In 1977, two laboratories, one at Harvard, the other in England, invented two new procedures for determining the sequence of DNA. Previously, sequence determination was very time consuming and laborious. For their work, Walter Gilbert and Fred Sanger received the 1980 Nobel Prize.
The two procedures that they developed are different, although they share some properties. Sanger's technique is particularly elegant. It also is the easier of the two to understand. Moreover, it has become the one that is used by the vast majority of molecular biologists today. We'll therefore cover the Sanger procedure -- also called dideoxy sequencing -- in some detail, with an eye toward understanding its theoretical underpinnings as well as how it works in practice. We'll begin our discussion with the components that are required to carry out the procedure.
1. The Template -- In dideoxy sequencing one begins with a stretch of DNA that is to be sequenced. It should be in the form of single stranded DNA. How do you get single stranded DNA? In two ways. You can begin with double-stranded DNA and denature it (using heat or other agents to disprupt the hydrogen bonds that hold the two strands together). Alternatively, you can can clone the DNA that you want to sequence in a vector that produces single-stranded DNA. We didn't cover such vectors, but there are several available.
2. DNA Polymerase -- Sanger sequencing is a technique that requires DNA synthesis. The DNA mentioned above is used as a template to make a copy of a second strand. Since the synthesized strand is a complementary copy of the template, its sequence can be used to deduce the sequence of the template. DNA synthesis requires an enzyme called DNA polymerase, as well as several other components noted below. DNA polymerase, as its name implies, knits together -- polymerizes -- a DNA chain from monomers.
3. Nucleotide triphosphates -- These small molecules come in four flavors, one for each of the letters in the DNA alphabet. They consist of a base (either A, C, G or T), a sugar (deoxyribose) and not one, but three phosphates on the fifth carbon of the sugar. The enzyme lines up the proper triphosphate with the template, and joins it with the previous base. The joining releases two of the phosphates, and leaves the base, sugar and one phosphate behind on the newly expanding DNA strand. As we discussed previously, synthesis goes from 5' to 3', that is, the nucleotides are added onto the 3' end of the growing chain.

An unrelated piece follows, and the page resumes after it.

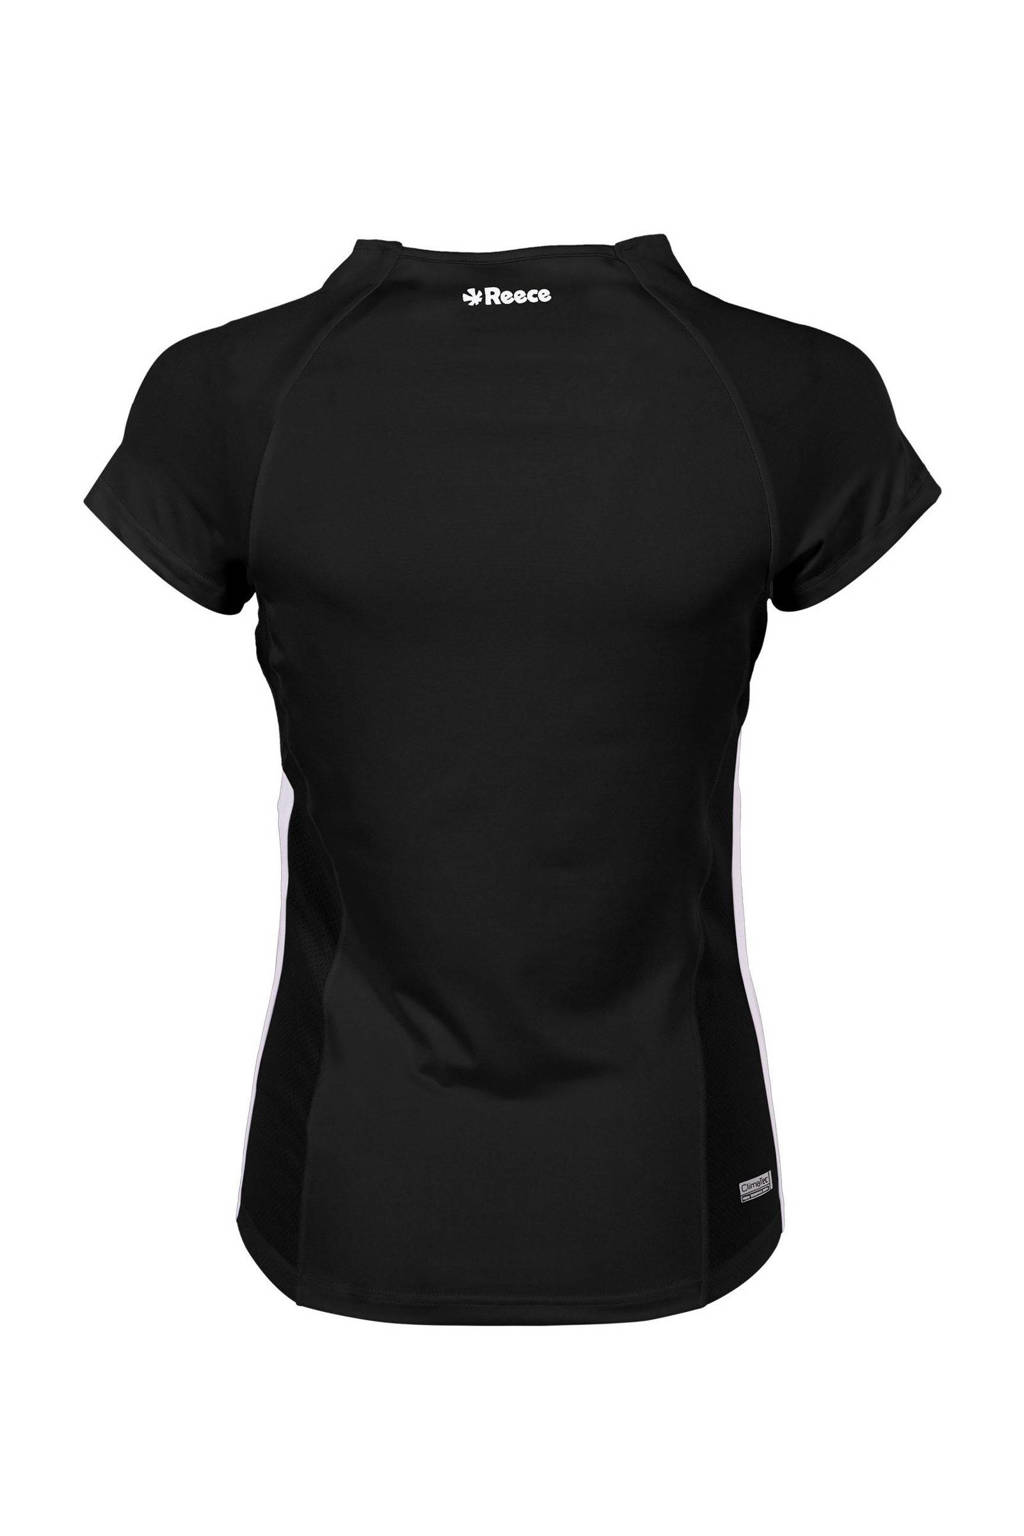 Transistor verkouden worden Gestreept Reece Australia sport T-shirt Rise zwart | kleertjes.com

4. A primer -- All DNA synthesis requires a piece of single-stranded DNA that is complementary to part of the template. This acts as a sort of seed, on to which nucleotides are added. In other words, DNA synthesis can not start by itself from base 1. It requires a piece of DNA to add nucleotides to.
All DNA synthesis follows certain rules. We've encountered almost all of them previously, either just above or in prior sessions. Nevertheless, I'll review them here.

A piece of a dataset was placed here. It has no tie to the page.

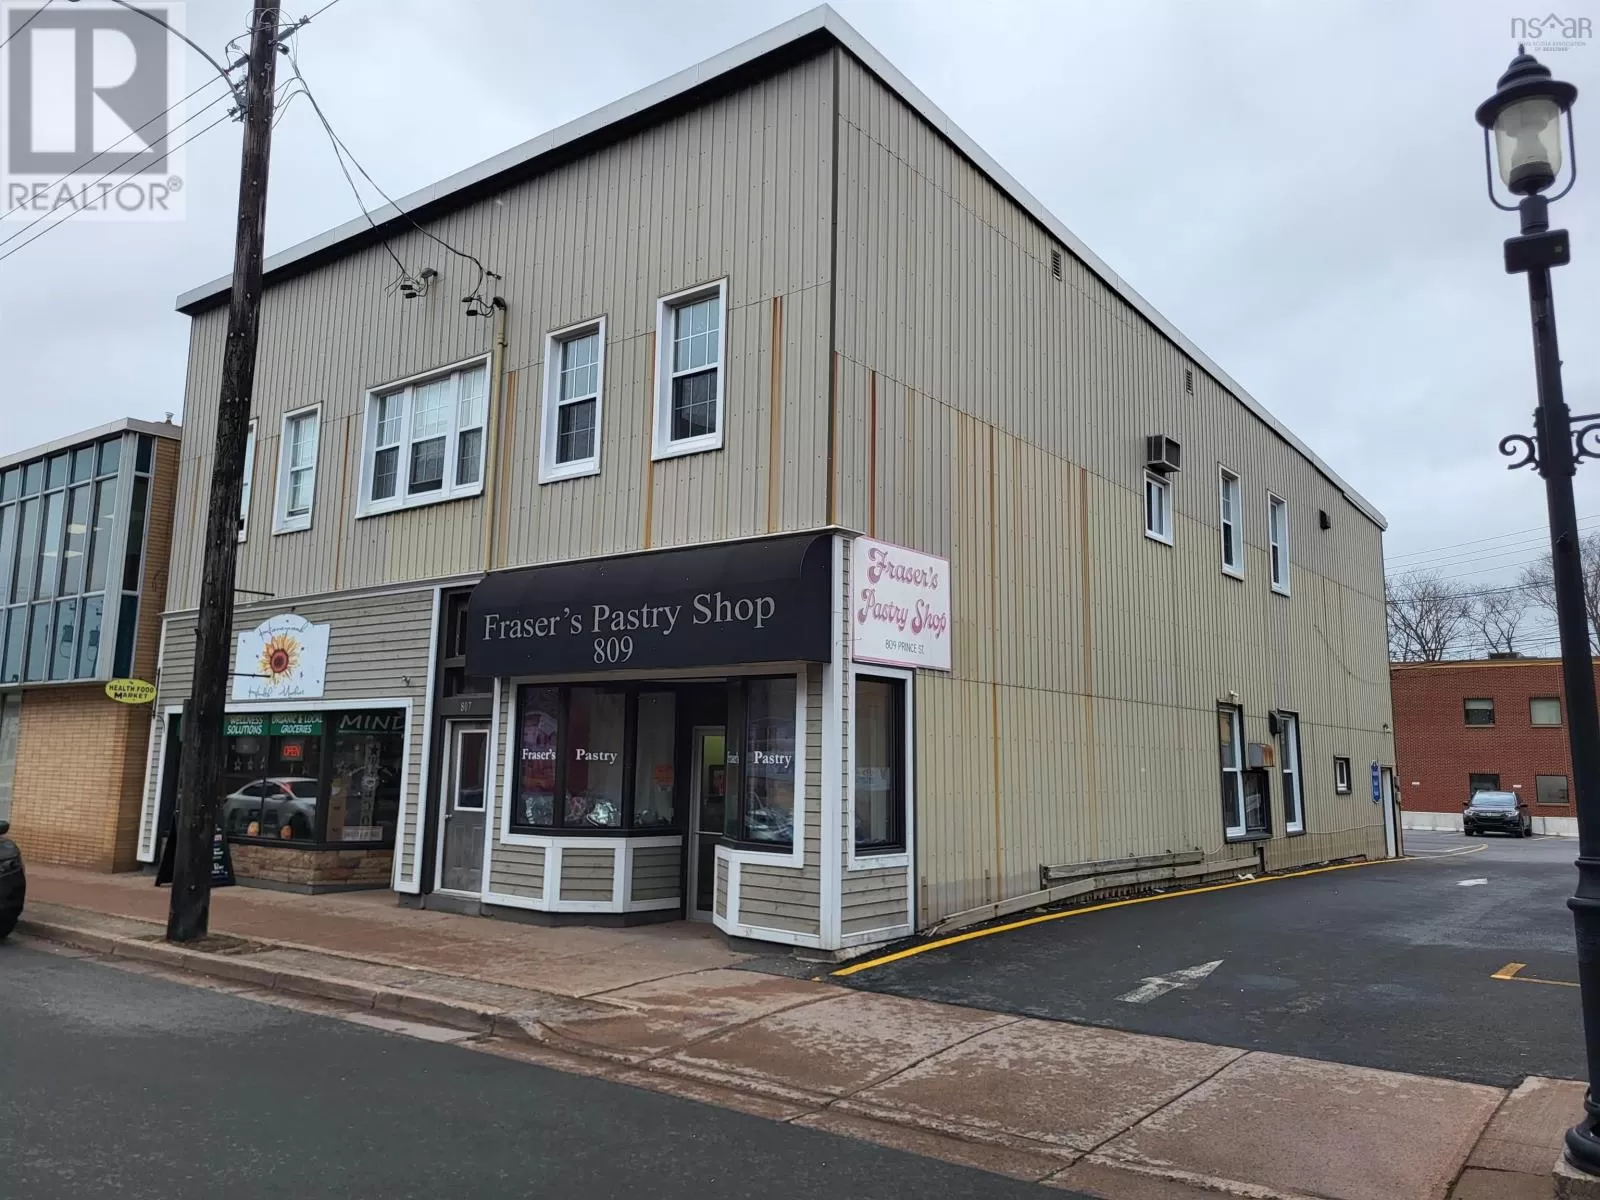 Fourplex for rent: 805-809 Prince Street, Truro, Nova Scotia B2N 1G7

1. The newly synthesized strand is a complementary copy of the template.
2. Synthesis requires nucleotide triphosphates.
3. Synthesis adds on nucleotides to a primer.
4. DNA synthesis is unidirectional. It goes in the 5' to 3' direction. In other words, nucleotides are added on, one by one, to the 3' end of the polymer.
5. Synthesis always proceeds in the opposite direction of the
template. Therefore, if the template is written from left to right,
5' to 3', synthesis (which goes according to rule 4, also in the 5'
to 3' direction) goes from right to left.